Dawn bleeds across the sky and into the lagoon. The wind throws a punch at the market gondolas and they
knock-knock
against each other like a boxful of bones.

Tuck counts the knocks to keep himself calm. He knows he is gambling with his life because if he’s caught . . . Tuck has seen people hang right here on this bridge, for less.

It’s a gamble. But if he wins, it’ll be the loot of his life.

Tuck lets out a long breath, counts twenty racing heartbeats.

He’ll do it.

He will.

MISSING MIDNIGHT

At sundown the wind turns evil. The refugees hide below deck as the wind tries to hurl the ship against the sky.

Crushed between her friends, Mara snatches shreds of sleep but the striplights below deck keep flickering. Every time her eyes drop with exhaustion, the lights beat against her eyelids. Time and time again, she jolts awake and stares at the cavernous interior of the ship, wondering where on Earth she is. Each time it takes her long, giddy moments to remember, and immediately she wishes she could forget.

All around, refugees cry and bicker and curse at having landed up in such a foul place as this.

What have I done?
Mara wonders.
What if we don’t find land?

The ship’s hold is like a warehouse, piled with crates of food supplies meant for the New World. At least they managed to steal a stocked cargo ship, thinks Mara. They might have been unlucky and taken one that had already unloaded its supplies in the city’s dock tower.

What about the other ships that escaped the city? Mara
has searched the ocean through all the hours of daylight but there has been no sign of them.

Mara looks at all the refugees crammed in between the crates in the hold. The urchins have made one corner their own and have filled it with the hoard of objects they stole from the museum in the netherworld. Scarwell is snuggled up asleep with her prize loot, the life-size model of an apeman.

A small girl sits alone, hugging her knees. Every so often her face twitches. Mara goes over and tries to talk to the child but there’s no response. The girl stares at the floor, lost in her own world. Better there than in this nightmare, thinks Mara.

She buries her face in her arms and tries to find her own escape. Sleep comes at last, ragged with dreams of her family and her old island home. Dad, clattering milk buckets in the barn. Her little brother Corey, chasing the chickens and running through billows of bed sheets that Mum is hanging out to dry. Rowan is a lone, distant figure among the crazy whirl of the field of windmills. And there’s Tain, bolting the storm shutters of his stone cottage against a rising storm. His white hair is wild in the wind; he’s bellowing about the rising sea but the weather drowns his words.

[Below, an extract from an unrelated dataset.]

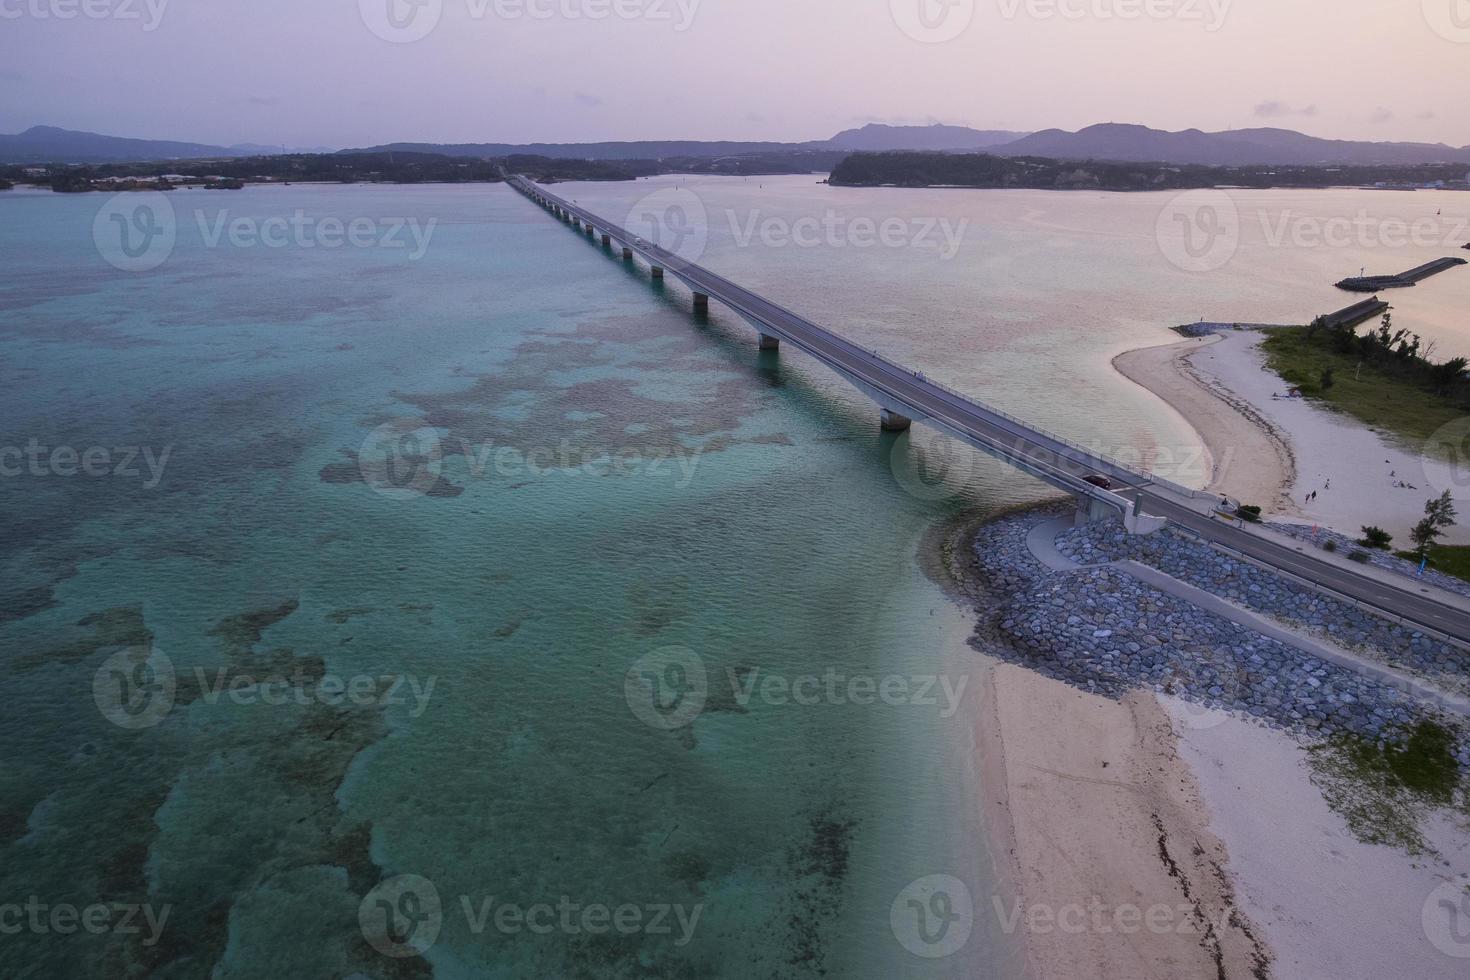 okinawa sunset droneaerialshoot kouri island 古 字 利 島 foto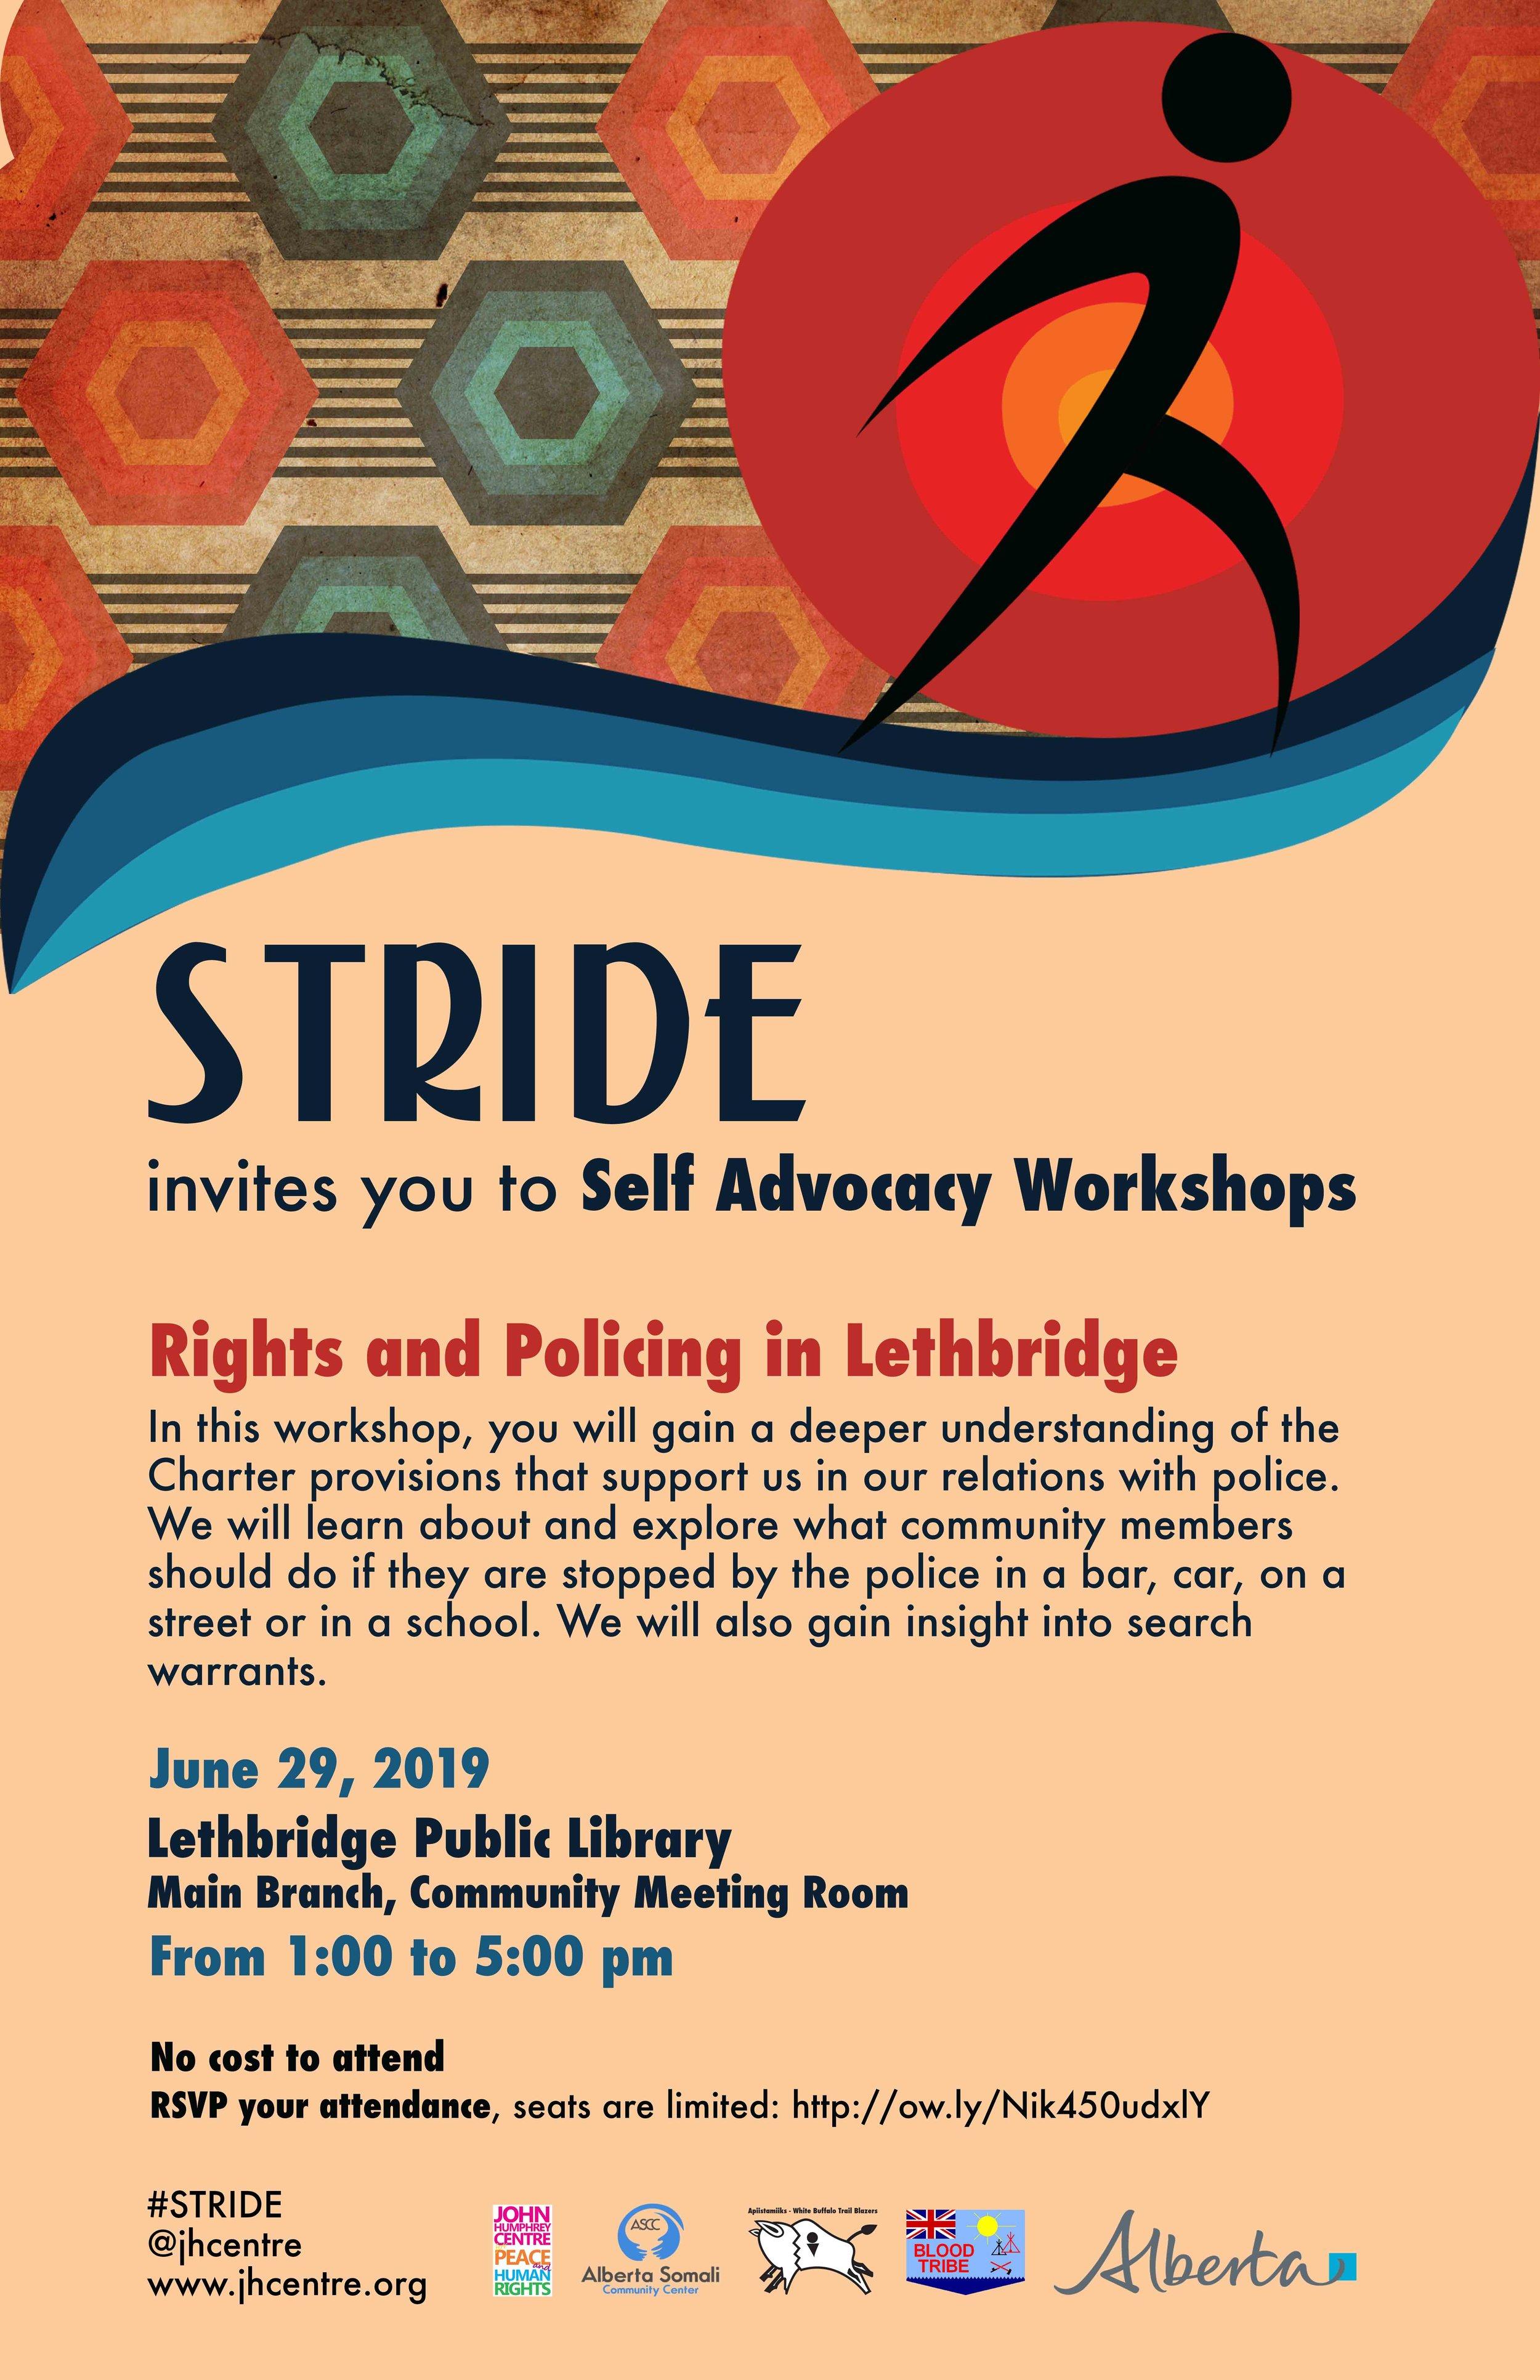 Policing Rights Lethbridge Stride2019.jpg

And she dreams of Fox, just for an instant. Fox, alone in the drowned ruins below the towers of New Mungo. Fox, with nightmares in his beautiful eyes.

When a surge of the ship slams her head against a crate, Mara tries to hold on to him but he crashes out of her dream. She’s awake and he’s gone, just as he crashed out of her life.

Mara sits up with a jolt. What time is it? She rushes up on deck into darkness, blasted by wind. There’s no moon,
not one lone star to help track the passage of the night. Has she missed midnight, when she promised to meet Fox in the Weave?

Mara slips into the control cabin to escape the wind. She unzips her backpack, opens the waterproof seal within and takes out the cyberwizz globe, feels the electric tingle as she nestles it in her hands and it powers up. She shoves the halo over her eyes and clicks open the globe. With the tiny wand, she scribbles a series of symbols on the small screenpad.

And in the flash of a thought, she’s there . . .

. . . magicked out of realworld and dropped into the vast, glittering cyberscape of the Weave.

Mara zooms along the familiar wrecked boulevards lined with buzzing, sparking towerstacks that store the lost data of the old, drowned world. The boulevards end in a crumble of tumbledown stacks, rotting mountains of cyberjunk. There’s a strange, flickering beauty, danger too sometimes, in these heaps of decay.